Starting with the line below that holds "Main bathroom fit off in Eltham 😊👍" and stopping after the line that holds "#plumber #melbourneplumbers #femaleplumber", transcribe the lines exactly, leaving out all pictures.

• Records shown:
- - -

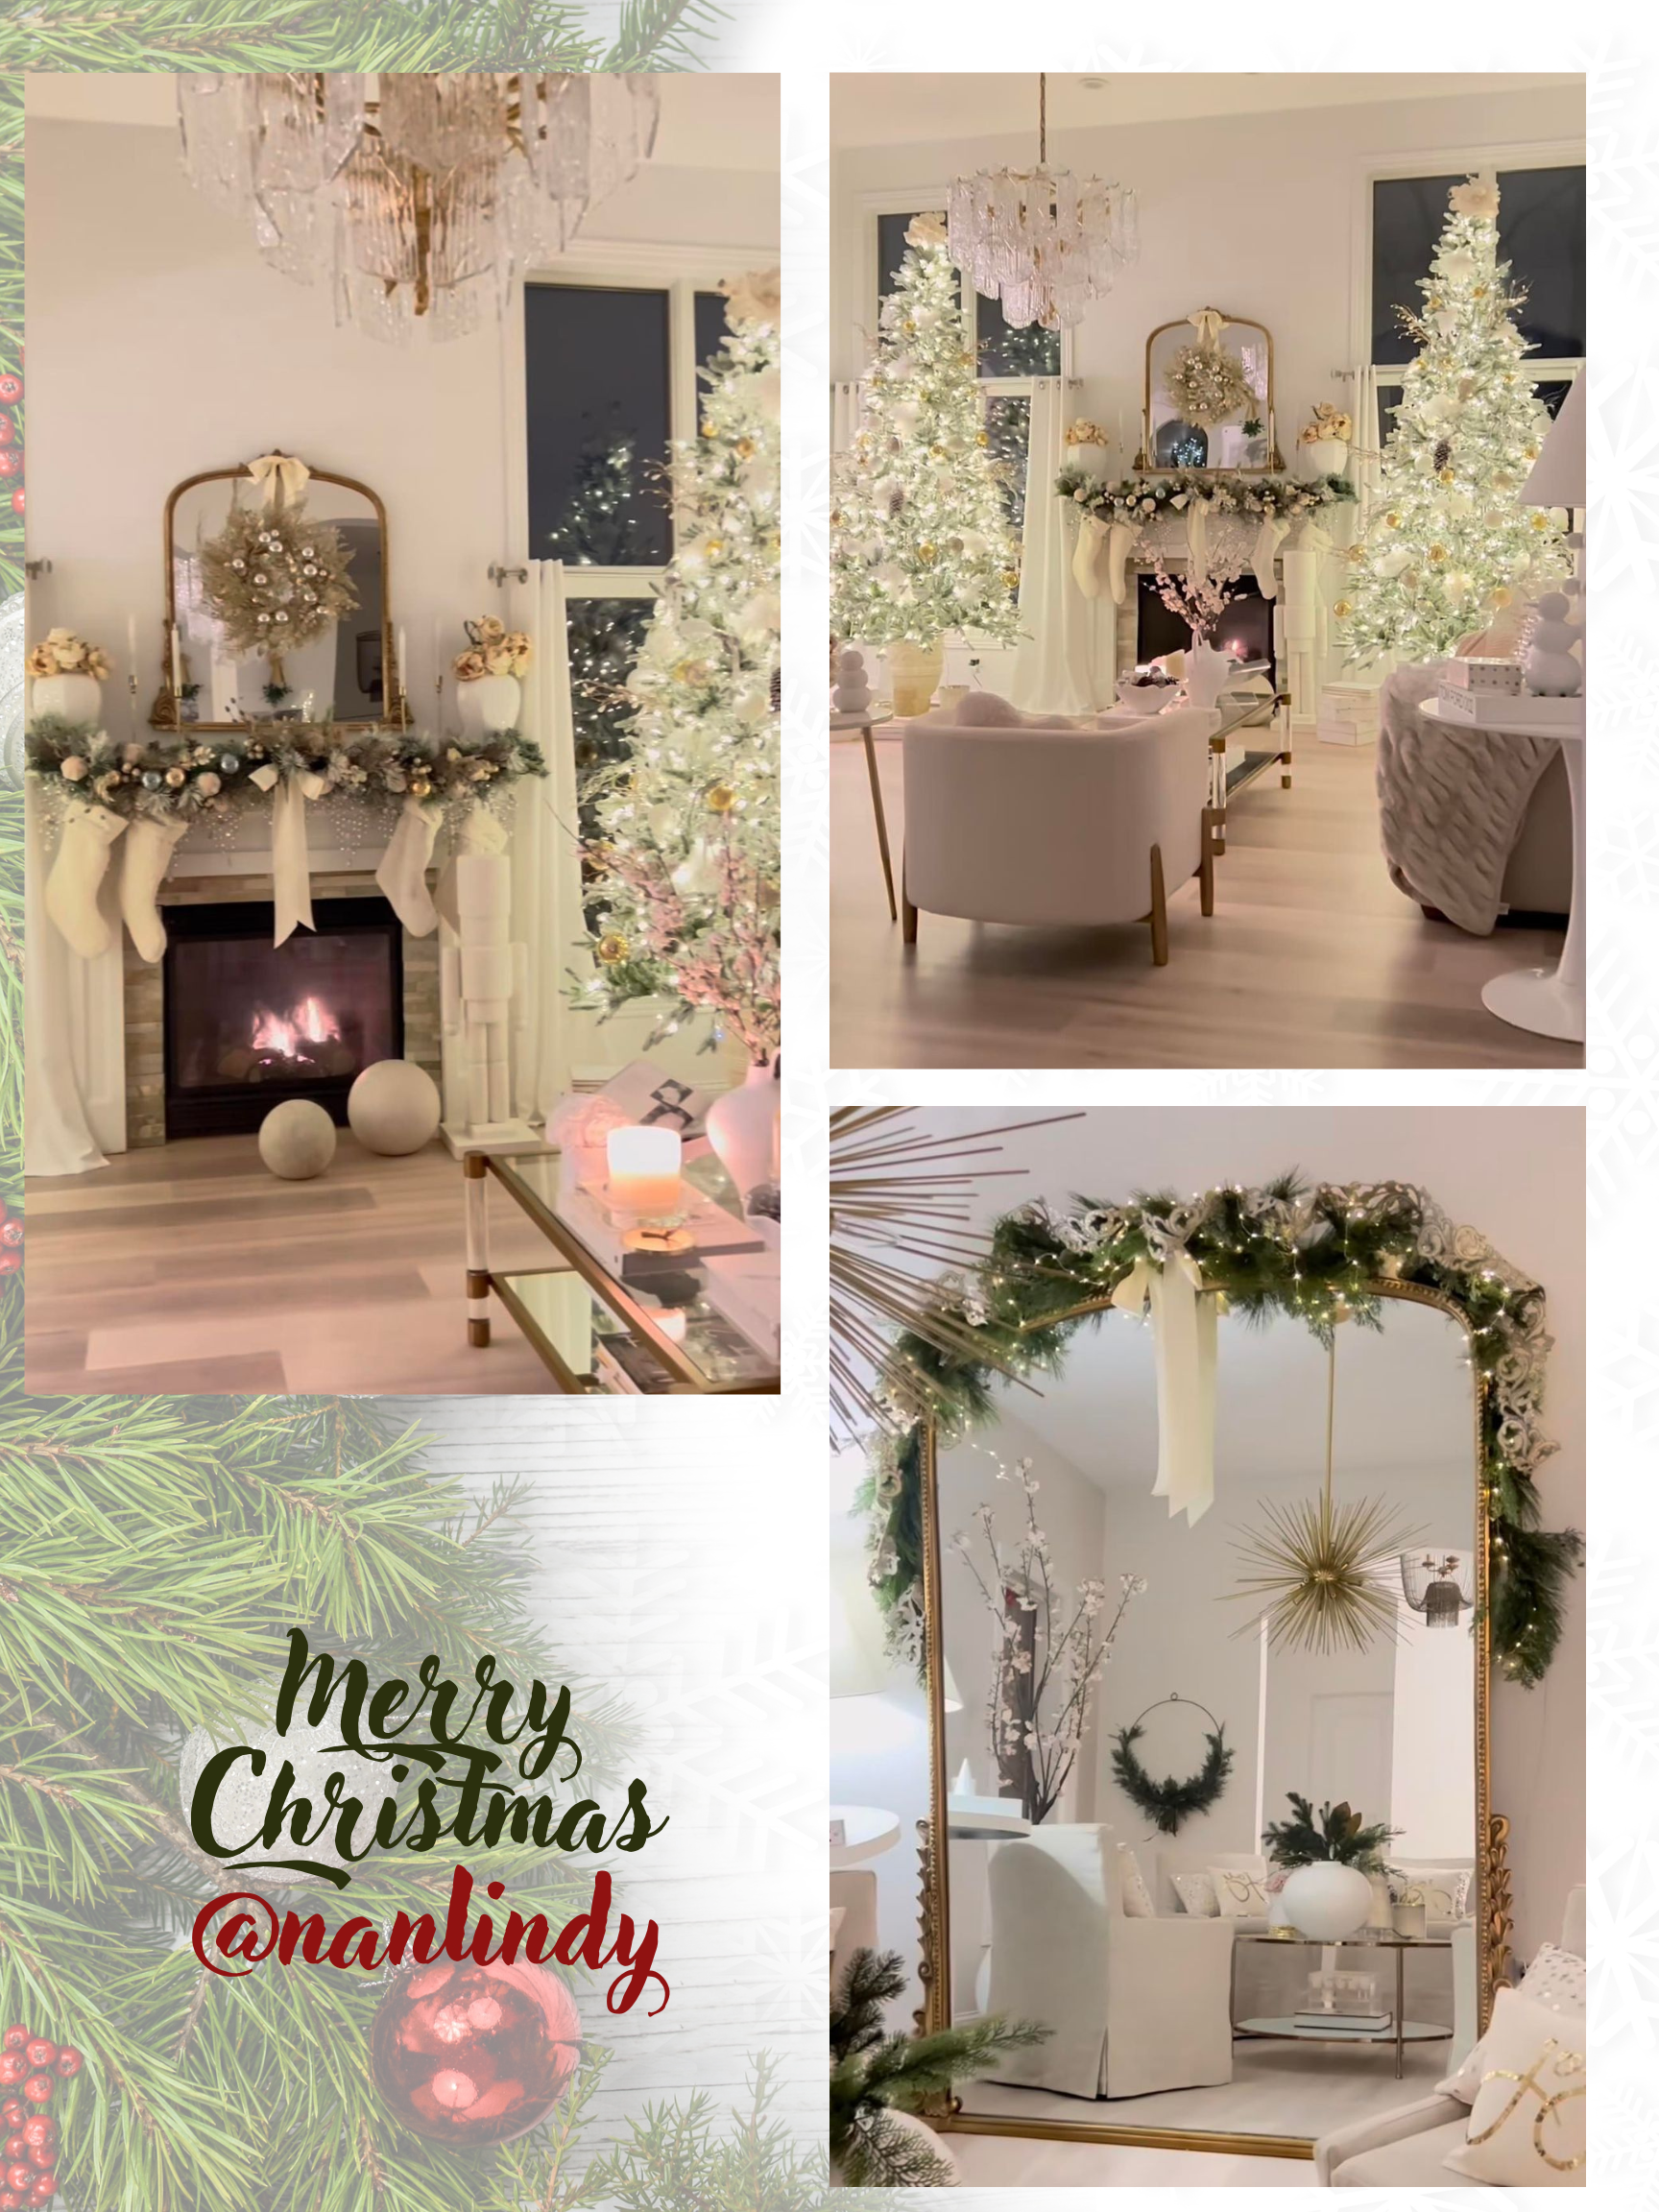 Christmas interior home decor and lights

- - -

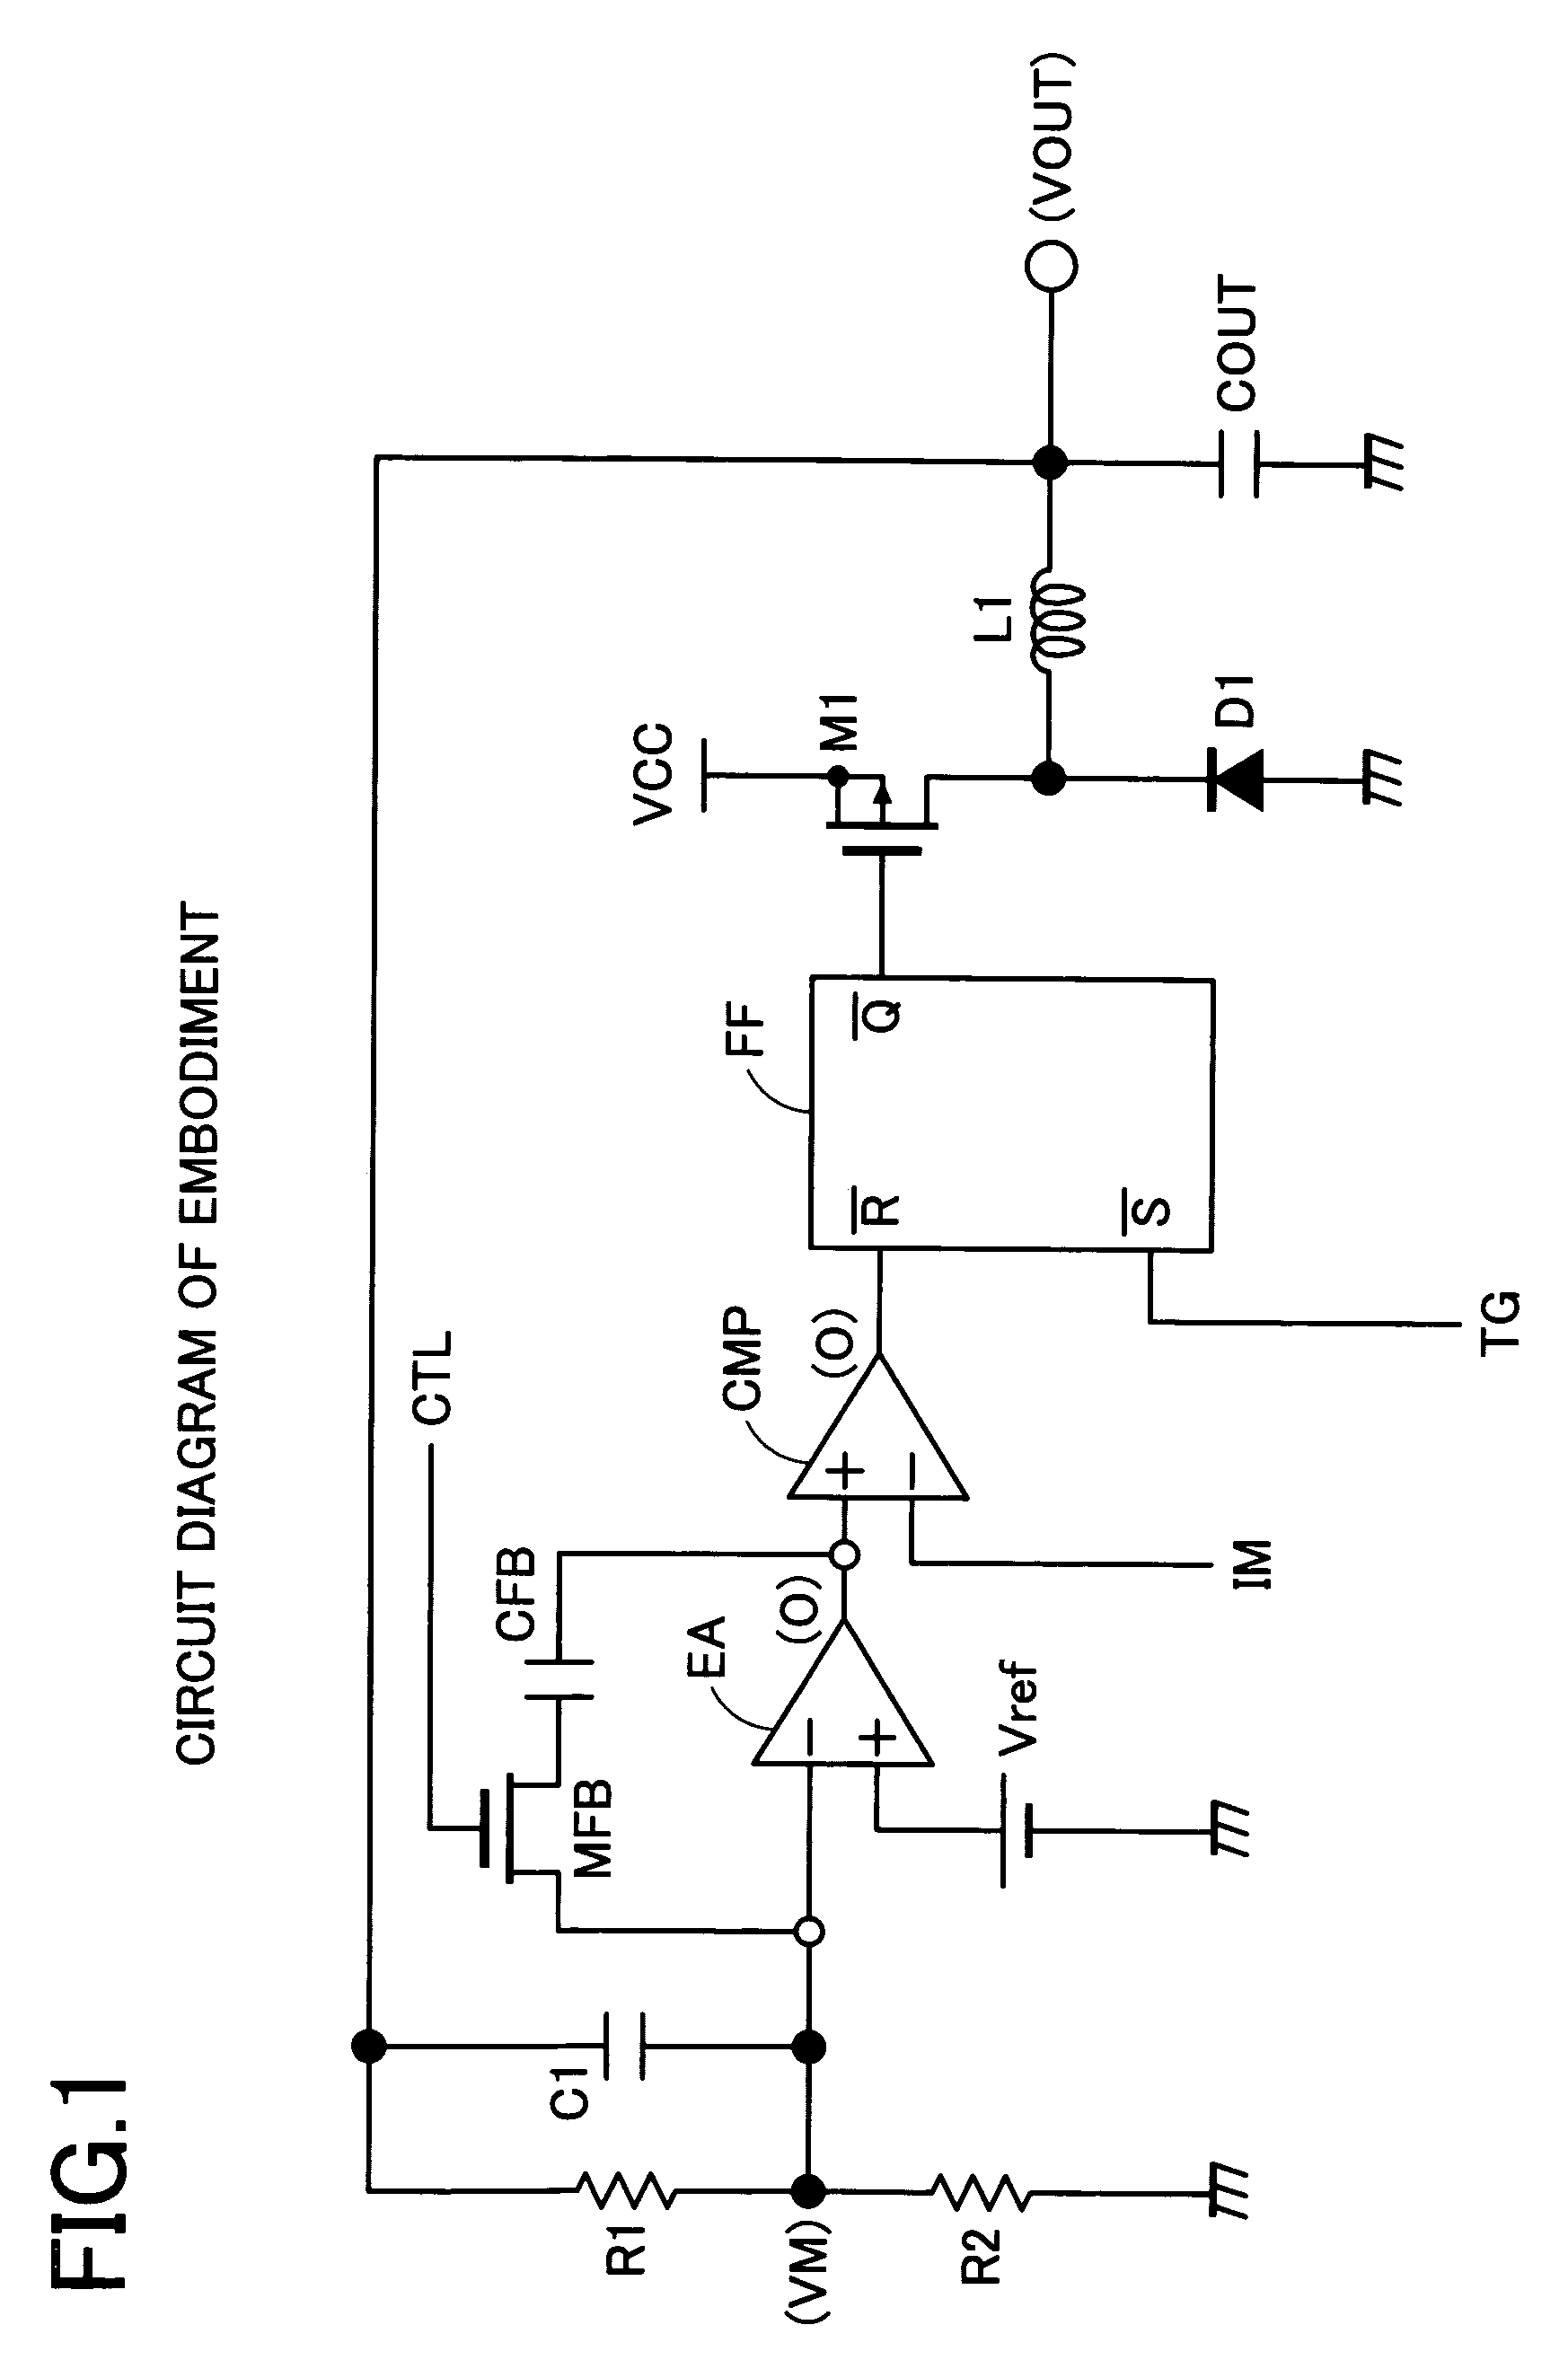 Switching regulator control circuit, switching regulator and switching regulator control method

- - -

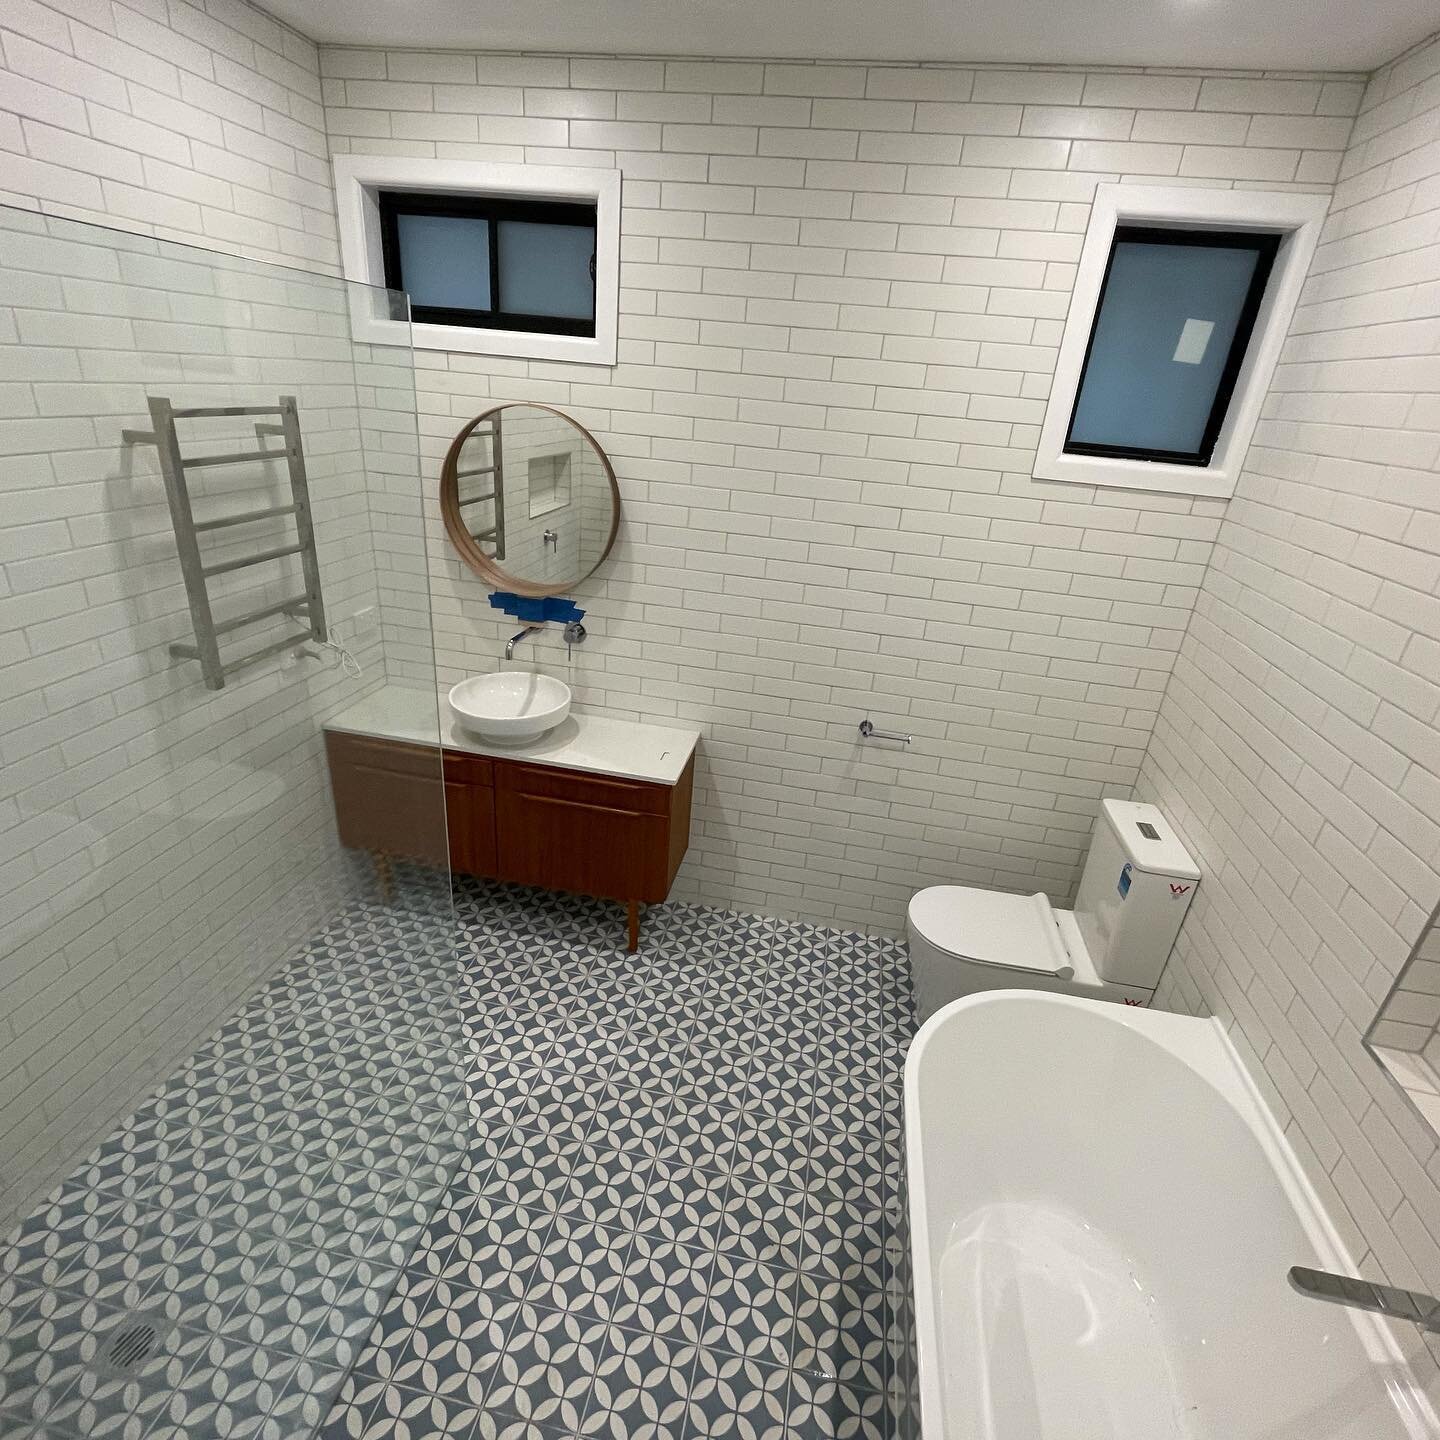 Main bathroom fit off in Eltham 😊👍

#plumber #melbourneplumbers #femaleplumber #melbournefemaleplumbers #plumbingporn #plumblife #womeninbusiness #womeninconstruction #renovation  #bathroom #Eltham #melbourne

- - -

• Answer space:
 Main bathroom fit off in Eltham 😊👍

#plumber #melbourneplumbers #femaleplumber #melbournefemaleplumbers #plumbingporn #plumblife #womeninbusiness #womeninconstruction #renovation  #bathroom #Eltham #melbourne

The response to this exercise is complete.